To determine which combination of molecules will produce ammonia with no leftovers, we need to examine how the stoichiometry of the reaction works based on the balanced equation:
\[ 1 \text{N}_2 + 3 \text{H}_2 \rightarrow 2 \text{NH}_3 \]
This means:
- 1 molecule of nitrogen is required to produce 2 molecules of ammonia.
- 3 molecules of hydrogen are required to produce 2 molecules of ammonia.
From the equation, we see that for every 1 molecule of \(N_2\), we need 3 molecules of \(H_2\).
Now, let's analyze each option:
-
8 N2 and 4 H2:
- Nitrogen can produce: \(8 \times 2 = 16\) NH3, which needs \(16 \times 1.5 = 24\) H2 (since 3 H2 are required for every 2 NH3).
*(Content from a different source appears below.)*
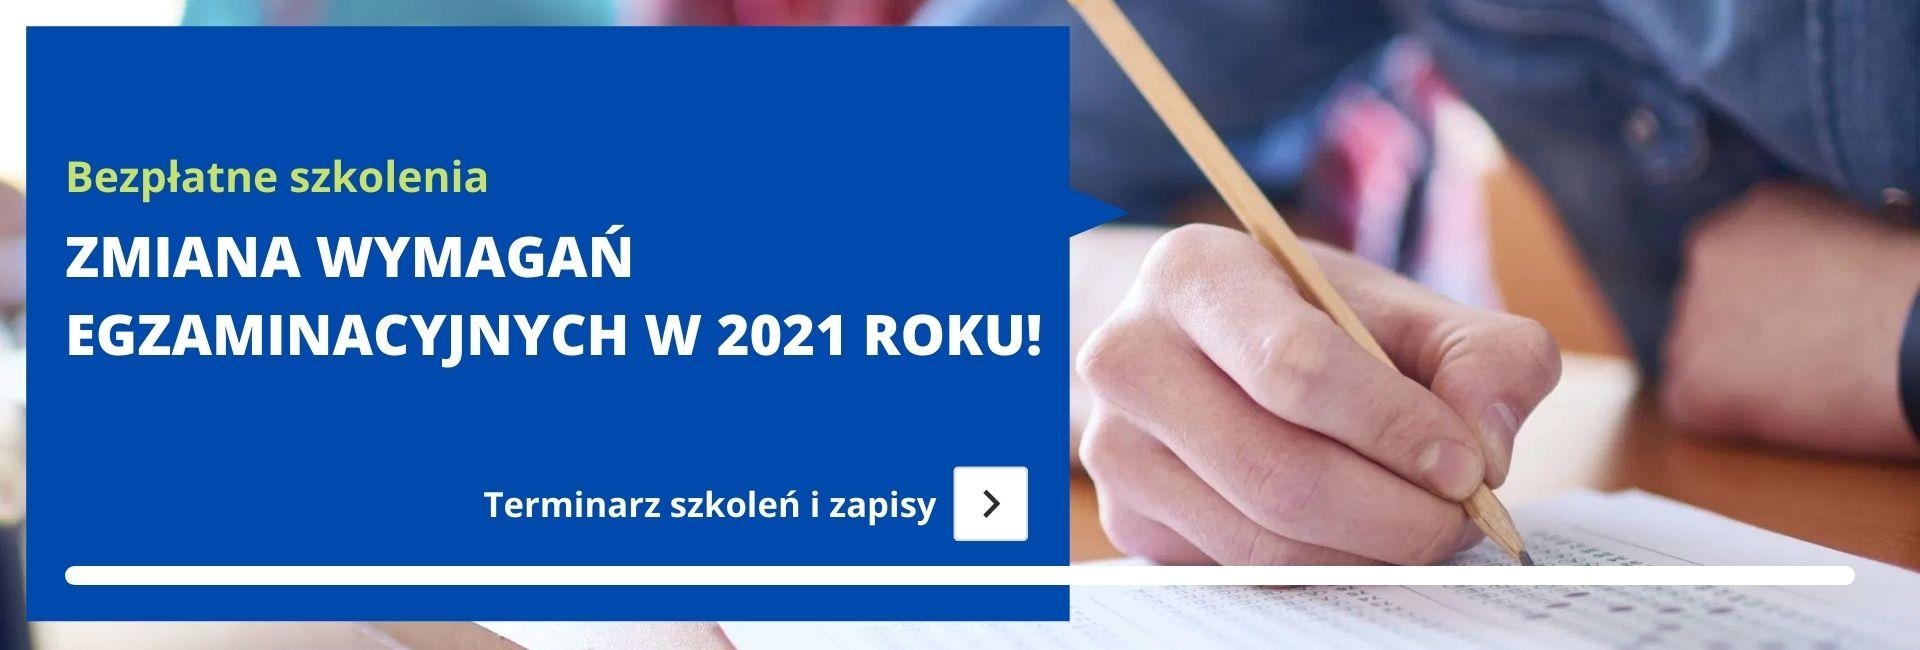 banner-ZMIANA_WYMAGA_EGZAMINACYJNYCH

There are not enough H2 here.
-
4 N2 and 4 H2:
- Nitrogen can produce: \(4 \times 2 = 8\) NH3, which needs \(8 \times 1.5 = 12\) H2. There are not enough H2 here.
-
2 N2 and 6 H2:
- Nitrogen can produce: \(2 \times 2 = 4\) NH3, which needs \(4 \times 1.5 = 6\) H2. This combination works perfectly since it matches the hydrogen needed.
-
5 N2 and 6 H2:
- Nitrogen can produce: \(5 \times 2 = 10\) NH3, which needs \(10 \times 1.5 = 15\) H2. There are not enough H2 here.
The only option that produces ammonia with no leftovers is 2 N2 and 6 H2.